Using Delicious to Find, Save and Publish Content

A few recent projects have reminded me how much value I get from Delicious, a useful service with a funny name (though not as funny as the original del.icio.us). It's a prime example of a social computing tool whose value isn't immediately obvious to newcomers, who probably get lost as soon as it's described as (take your pick) a social tagging, sharing, or bookmarking site. Delicious is increasingly important in my own work, so I decided to share some specifics on using it to find, save and publish information.

  1. Save bookmarks for my own use.
    Let's start with the obvious. Tagging is more effective than filing bookmarks, or at least it's a lot easier to find them later. Remember to back them up to your computer occasionally, though. Free services have been known to shut down.

  2. Autopost bookmarks to my blog.
    Those "links for 1/25/09" posts come from Delicious, which automatically creates a post based on each day's tags. Lists of links with no comments aren't too useful, so I make a point of adding original commentary to almost every item (a trick I learned from the bloggers of RedMonk—thanks, guys). That original content also makes it possible to...

  3. Use Delicious feeds to build dynamic web sites.
    This is one of my favorite RSS tricks: use Feed Informer to place feeds from Delicious on web sites (look for the link—virtually every page on Delicious has a feed). The commentary is already there for the link posts on the blog, so each link has original content to go with it. Delicious offers linkrolls that do the same thing, but Feed Informer offers more editorial control and the ability to manage feed content. The real secret here is that every tag in your account has its own RSS feed, so you're not limited to the everything-you-tag feed.

    Tag feeds let me send different content to multiple sites with just one workflow.
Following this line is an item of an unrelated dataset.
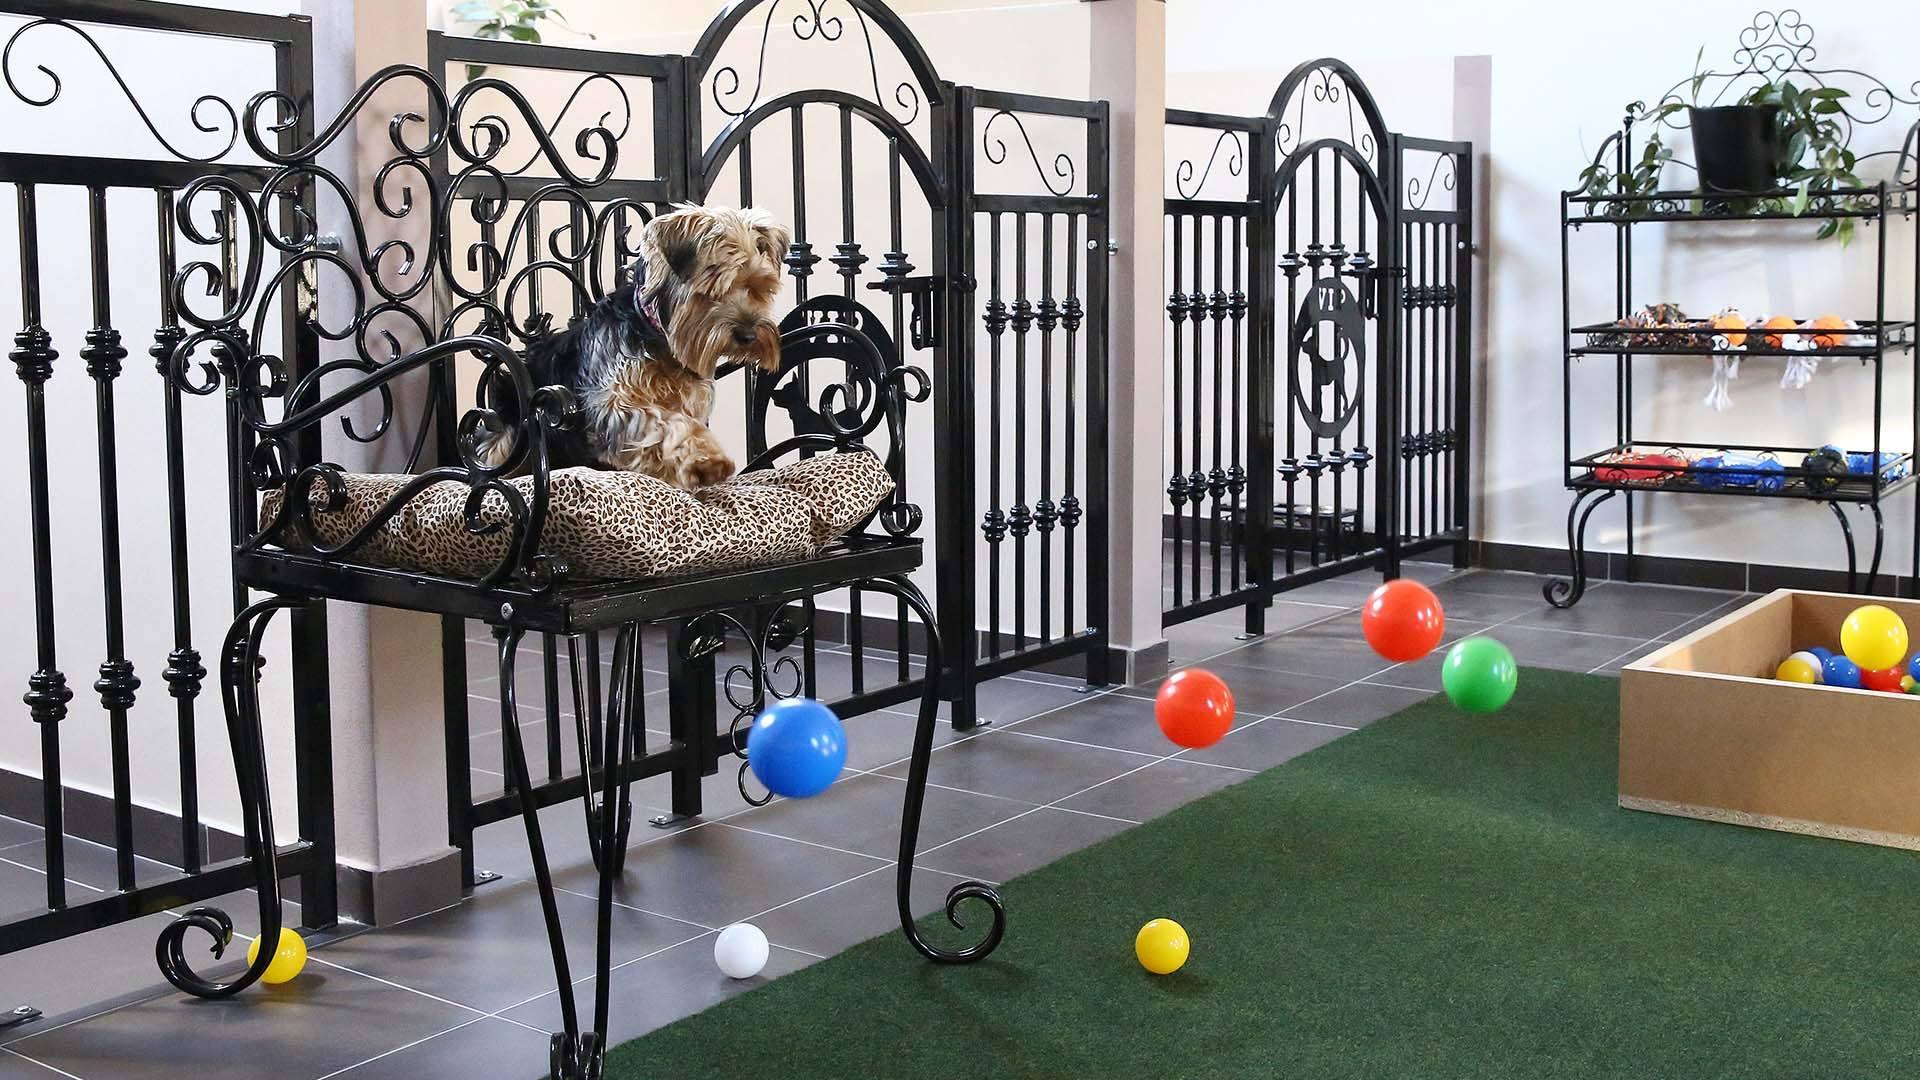 Hala hotelu pro psy VIP Pets

So, for example, all of my tagged items show up on my vanity site, while subject-specific tags cause items to appear at Social Media Analysis, Managing Social Media or International Affairs. There's no extra work associated with supporting multiple sites—just add the right tag.

    If I tag something I don't want to publish, I just check the "Do Not Share" box to keep it private.

  4. Subscribe to Delicious feeds from interesting people.
    I subscribe to the feeds of a few people who pay attention to subjects I care about. When they tag something, there's a good chance it will be useful. If you find yourself following multiple people this way, add them to your network on Delicious and subscribe to that feed. Subscribing to individual user feeds doesn't alert your source that you're following them like the network feature does.

    If reading other people's tag list seems like an intrusion, remember that they have the Do Not Share box, too. Delicious users have complete control over how much they share. And if you're tagging items yourself, remember that your shared items really are public.

  5. Subscribe to tag feeds to find new sources.
    This little tip potentially puts every Delicious user to work for you: subscribe to the feed for tags in your field (for example, web analytics). Delicious suggests related tags when you search, so it's easy to find likely keywords. Now, when anyone on Delicious finds an item in your area of interest, you'll find out about it. Sometimes, this leads to the discovery of interesting people, too.

    I have all of Delicious finding things for me. How big is your research staff?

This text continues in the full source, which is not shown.